陈澍一晃眼,几乎觉得他像是融入了这小小当铺门口的货架摊子和其上零零碎碎的杂物之中了一样,杂乱又不起眼,但待她仔细去瞧,又发现这不过是云慎那身灰扑扑的袍子衬得罢了。她冲着他挥了挥手上的契子,便见云慎也冲着她笑着点点头,夕阳晕开了他的五官,于是这笑也变得很是温和,教她心里一动,仿佛有什么想法要破土而出,但转瞬便又忘却了。
背后的当铺掌柜也没闲着,几下点出了要交给陈澍的银钱,甚至还给她塞进了个看着不轻的小包裹里,好好地递了过来,口里不忘念道:“姑娘现今手里宽裕了,不如顺道看看我这小当铺里的东西,那些行走江湖能用到的,一道买了,若是身负要事,路上也不耽搁是不是?”
“也是,你这都有些什么?”陈澍立刻好奇地四下看起来,手里甚至顾不上接过那银钱包裹。
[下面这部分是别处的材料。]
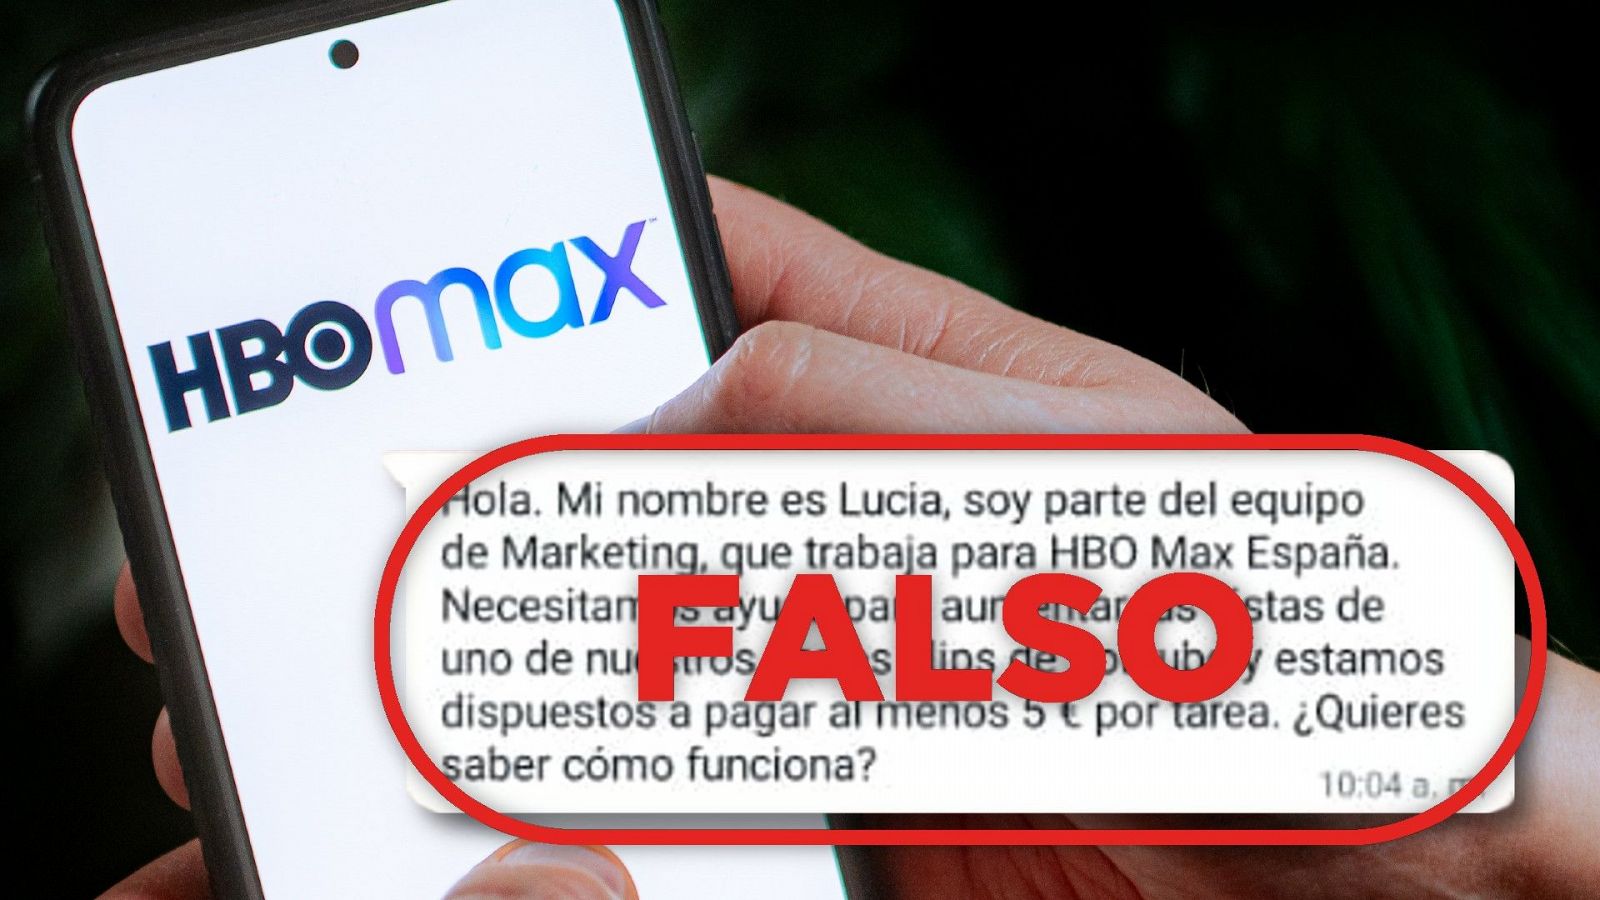 HBO Max no envía este WhatsApp que invita a ver vídeos en YouTube para ganar 5 euros

“多了去了!”掌柜忙跟在她屁股后面,仿佛是看财神爷一样守着她,一面指着店内一排排陈列杂物,一面介绍道,“布料,金铁,护甲,首饰,绳网,陷阱,器具,甚至是干粮,应有尽有,看姑娘您需要什么,我都能给您找出来。”
“有丹药么?”陈澍问。
“药?”掌柜一噎,道“……那姑娘恐怕得去药铺抓。”
“也是。”陈澍道,又问,“那有符纸么?”
掌柜无声地擦了擦汗:“……这也是没有的,想要黄符,姑娘恐怕得去那些庙宇道观里求。想不到姑娘小小年纪,居然也信这些?”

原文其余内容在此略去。